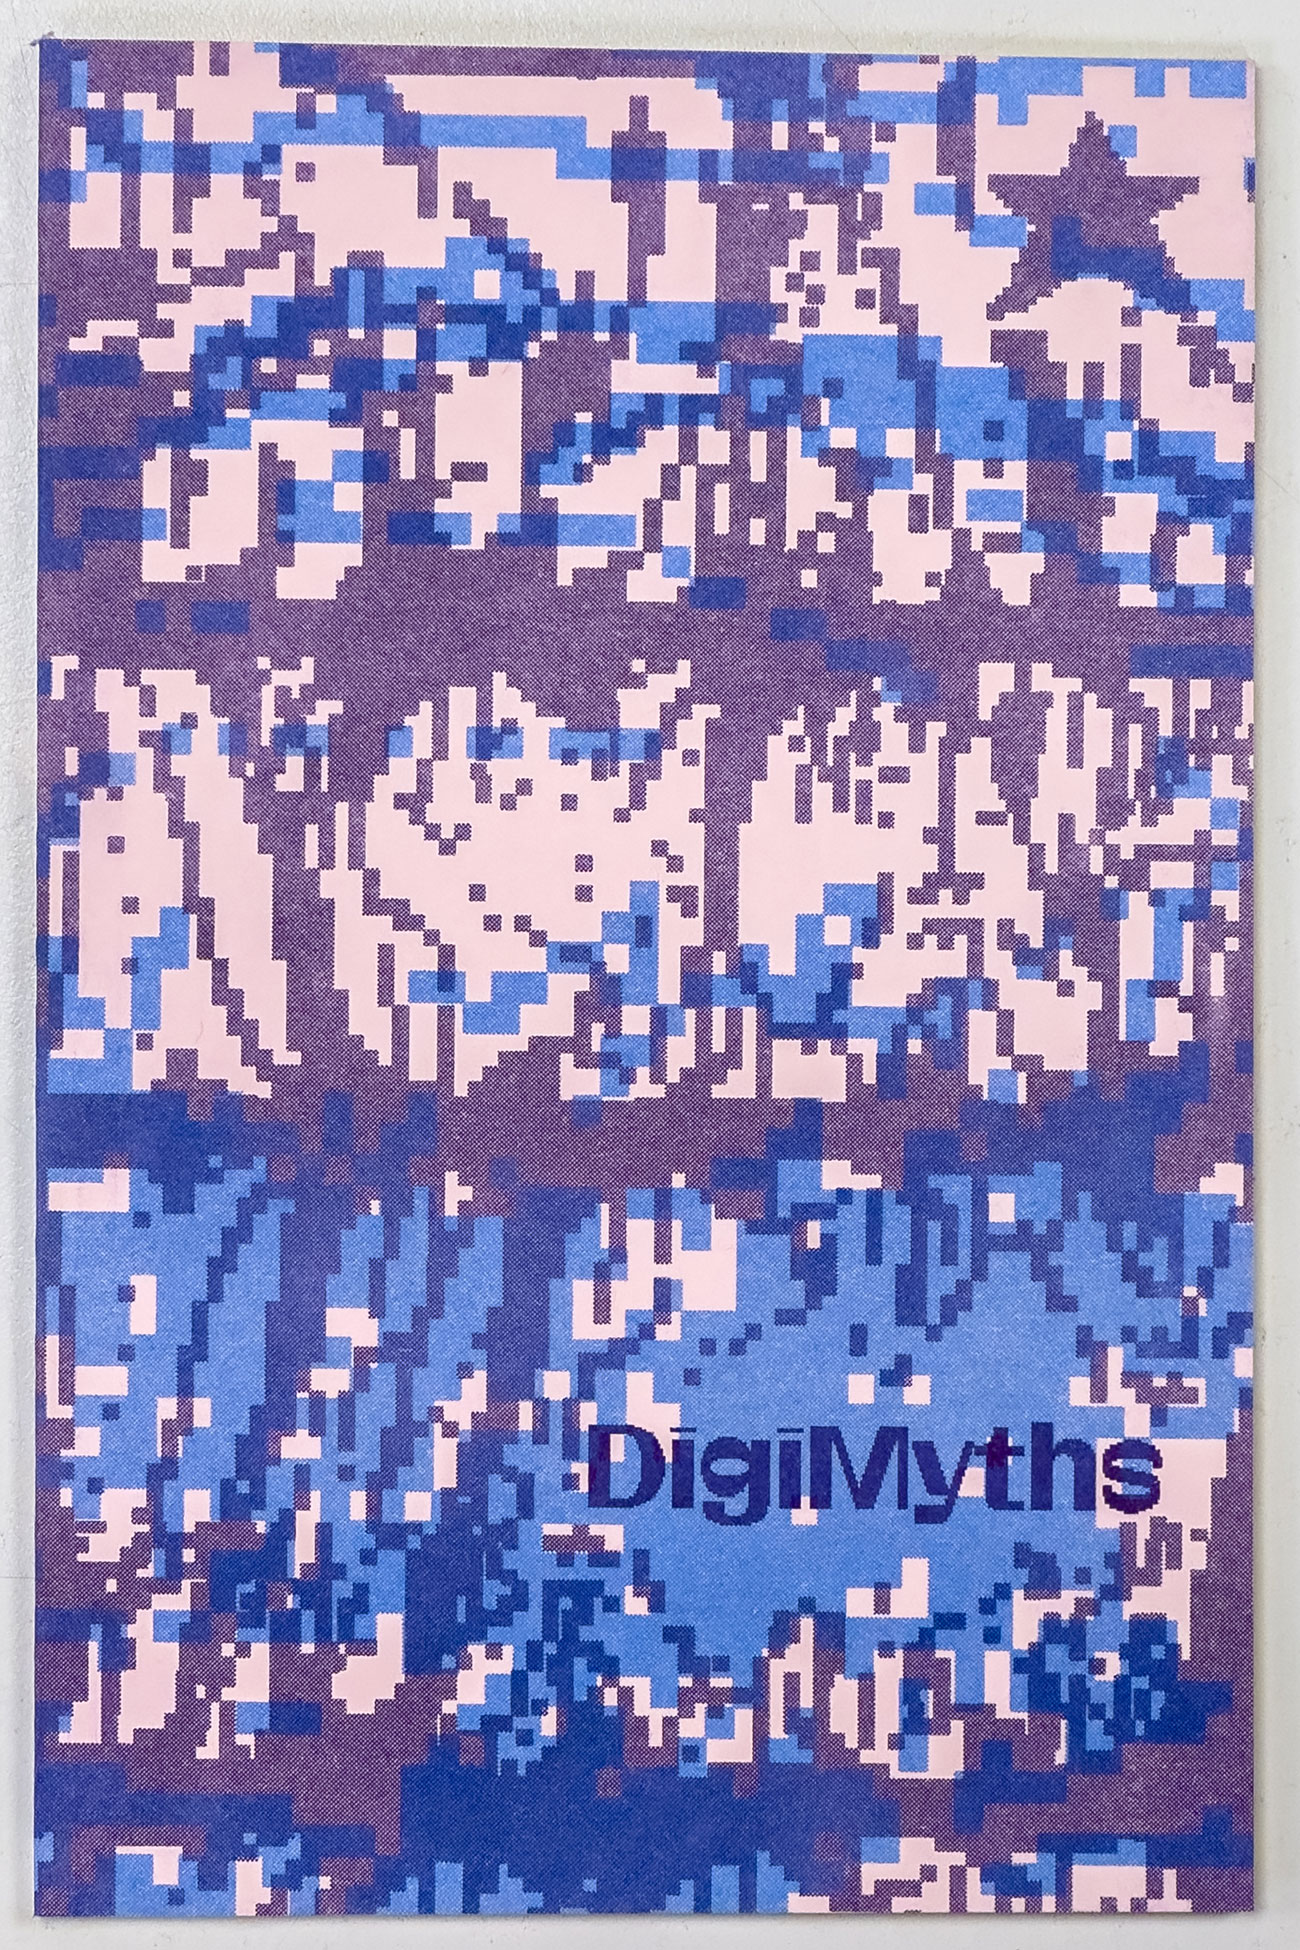 Cryptic illustration in blue and purple with title in the lower right corner. 
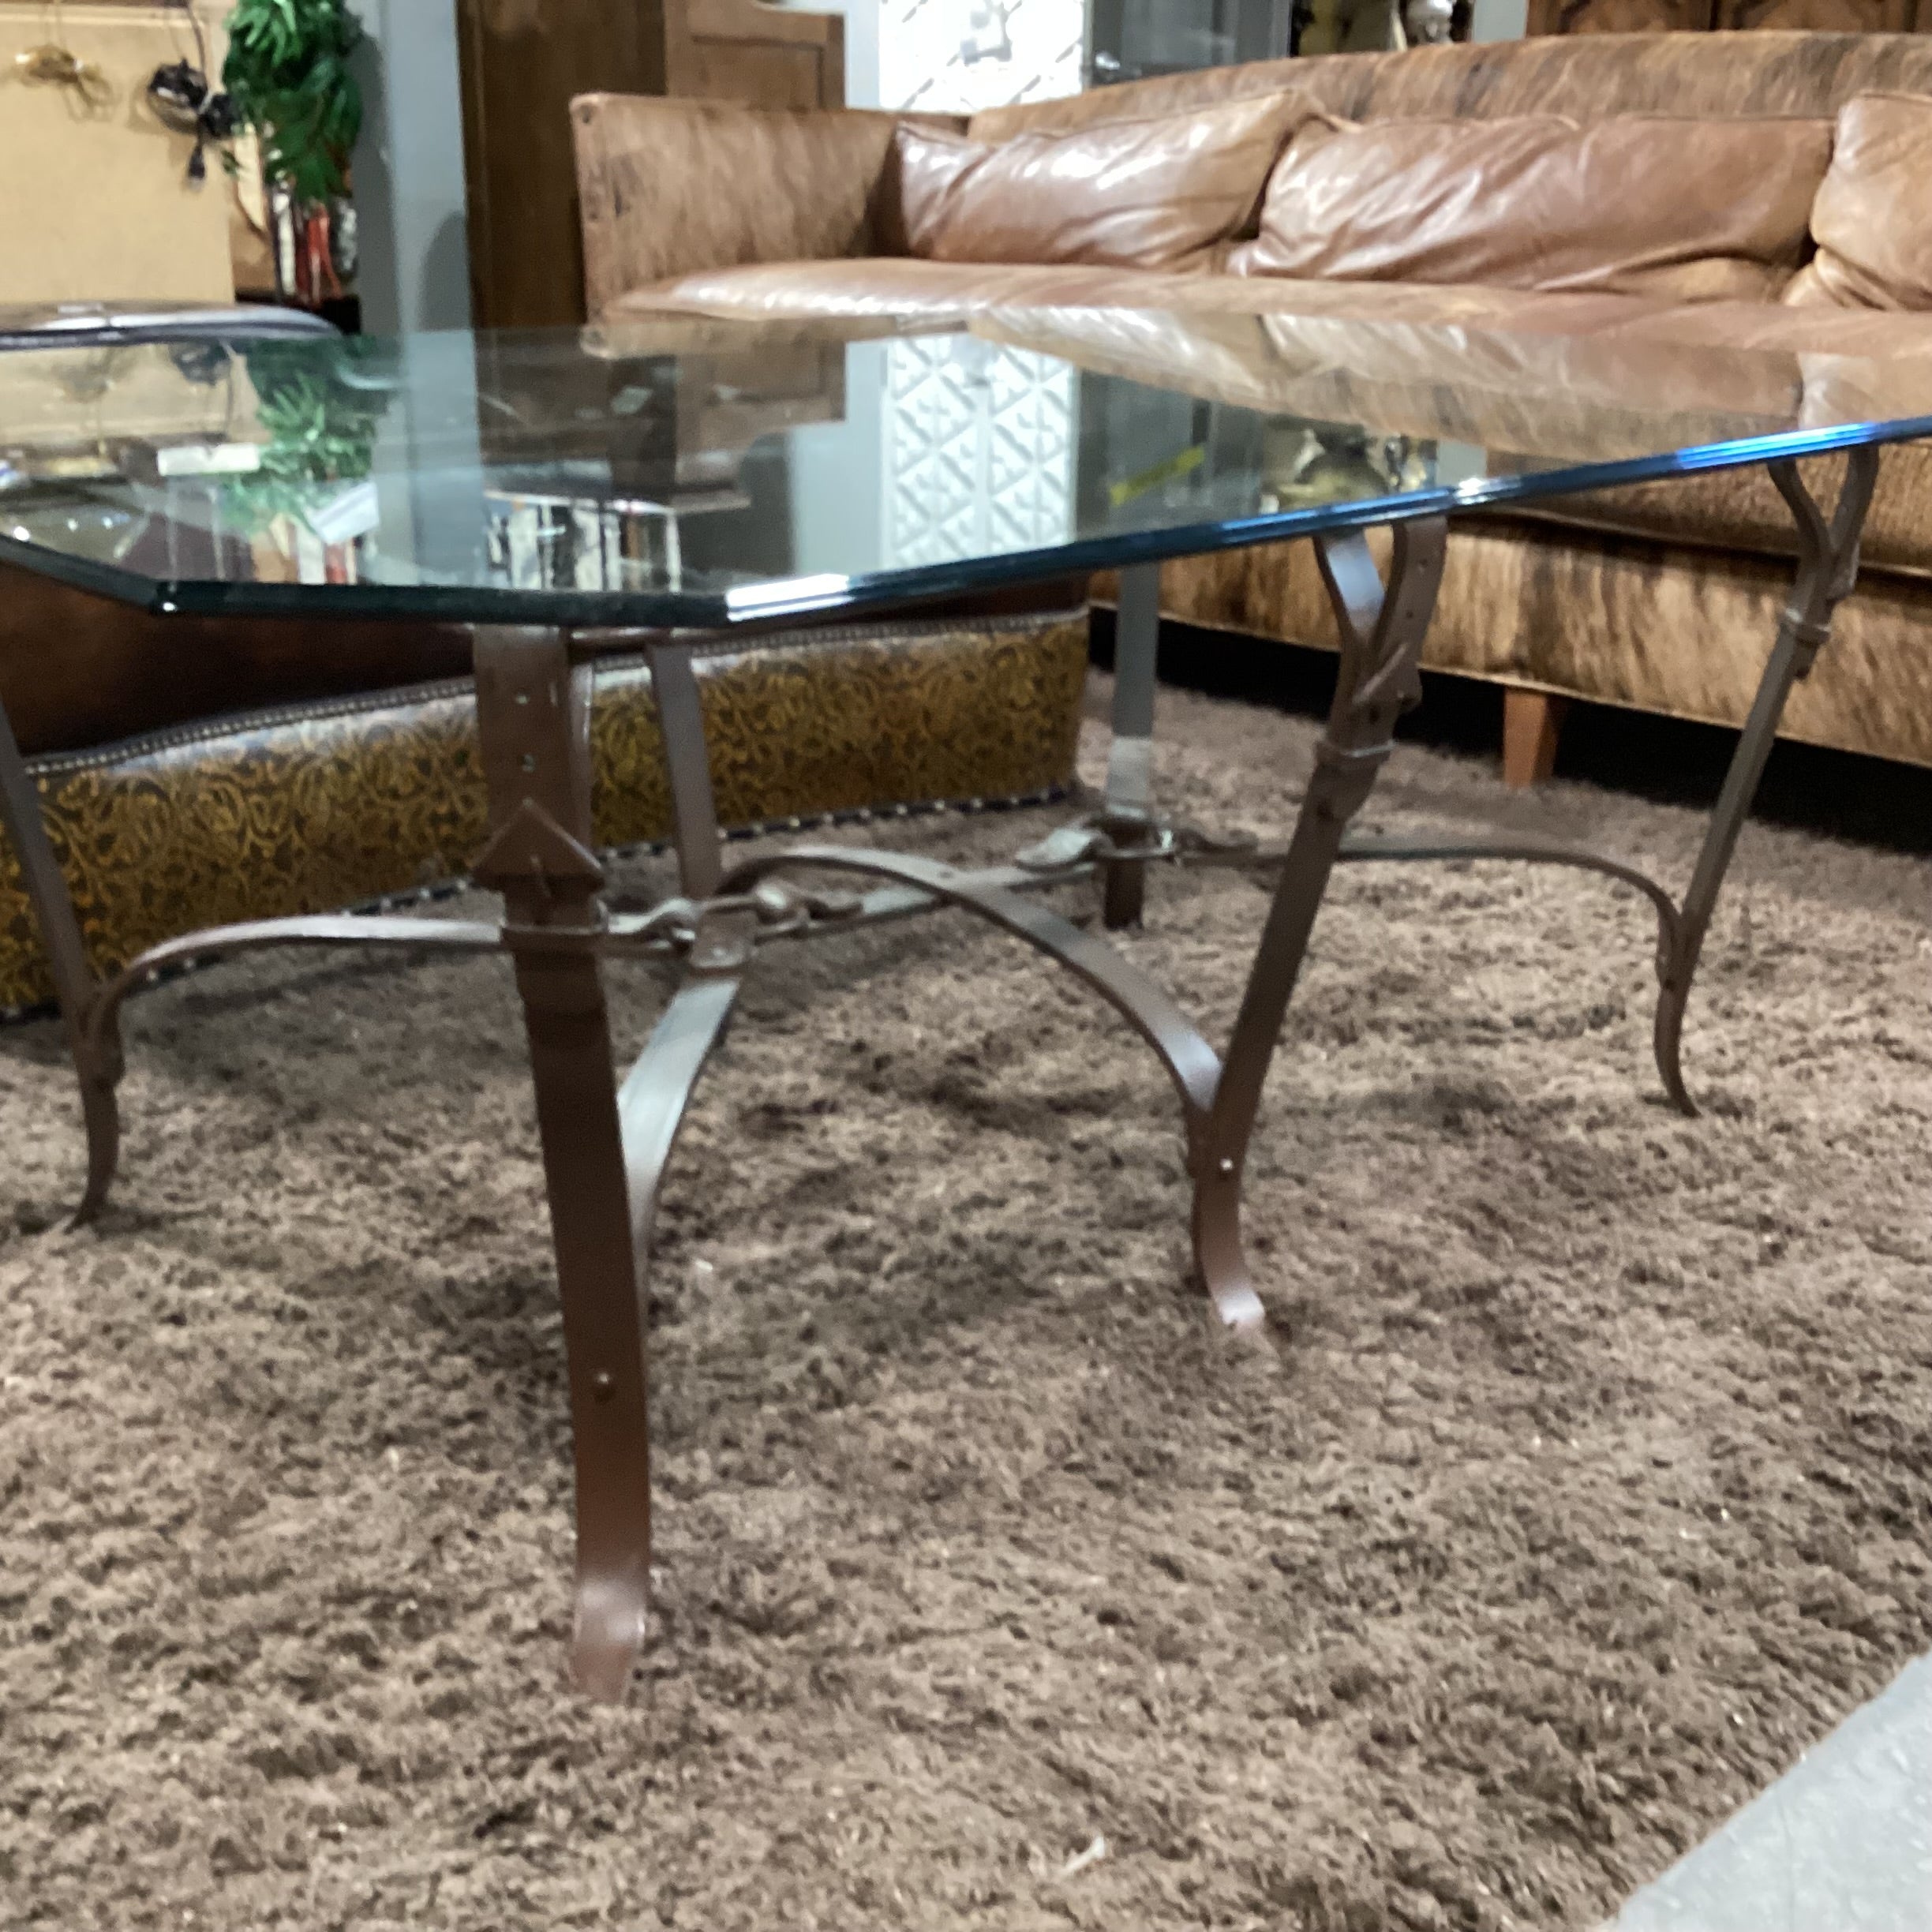 Metal Leather Belt Look & Glass Coffee Table 58"x 42"x 23"
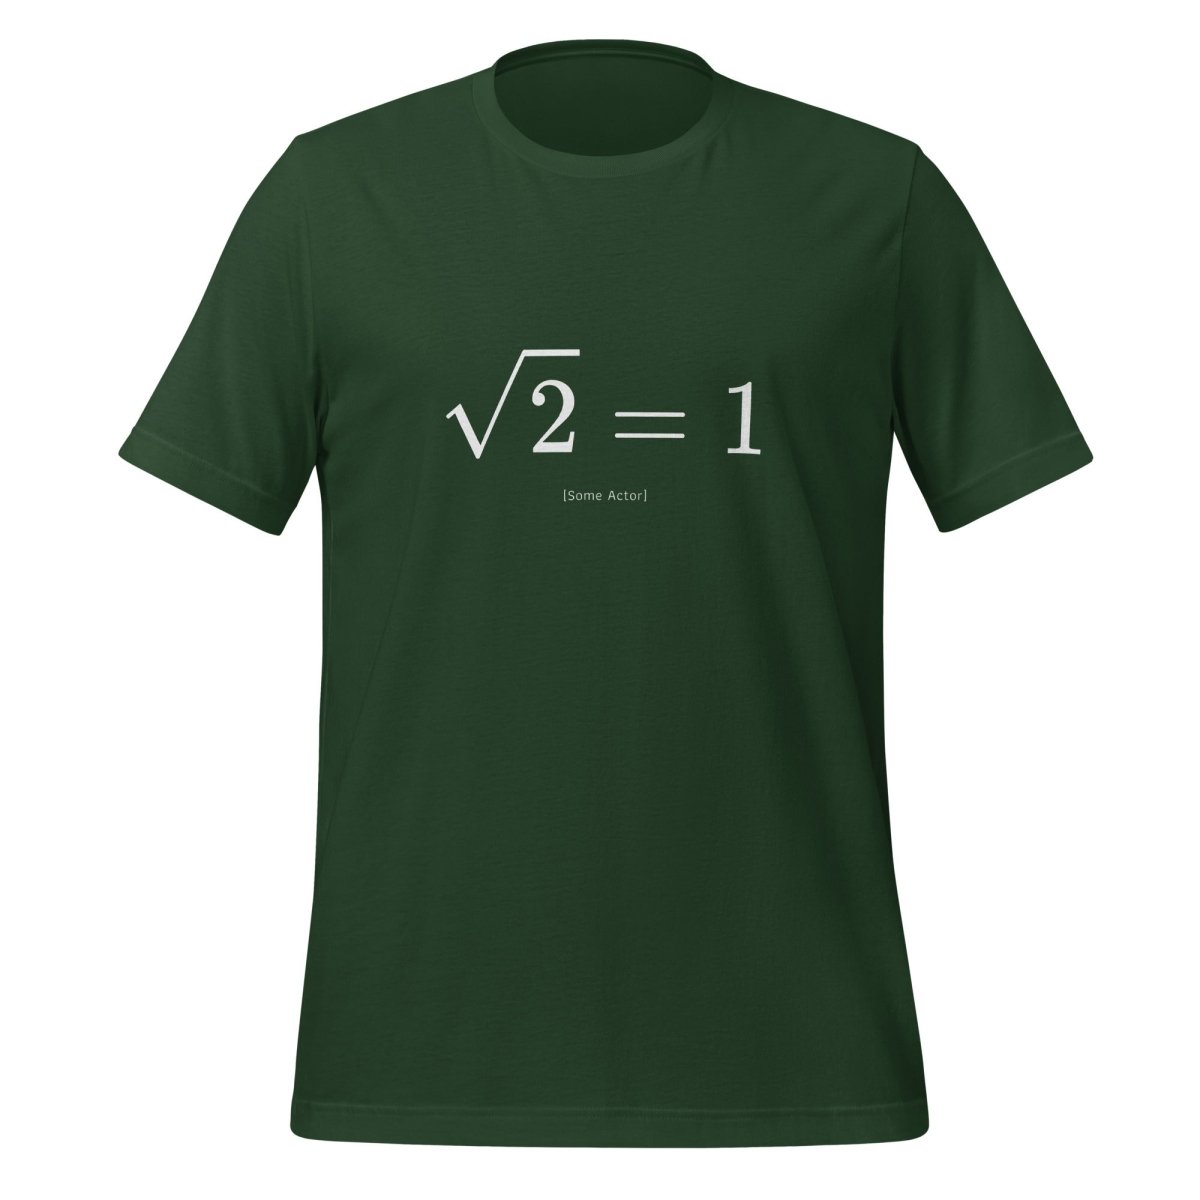 The Square Root of 2 Equals 1 T - Shirt (unisex) - Forest - AI Store

▶ What to produce: Output the lines above in full and exactly as given, omitting any pictures.

▶ Reply to the task:
 Cryptic illustration in blue and purple with title in the lower right corner. 
 Metal Leather Belt Look & Glass Coffee Table 58"x 42"x 23"
 The Square Root of 2 Equals 1 T - Shirt (unisex) - Forest - AI Store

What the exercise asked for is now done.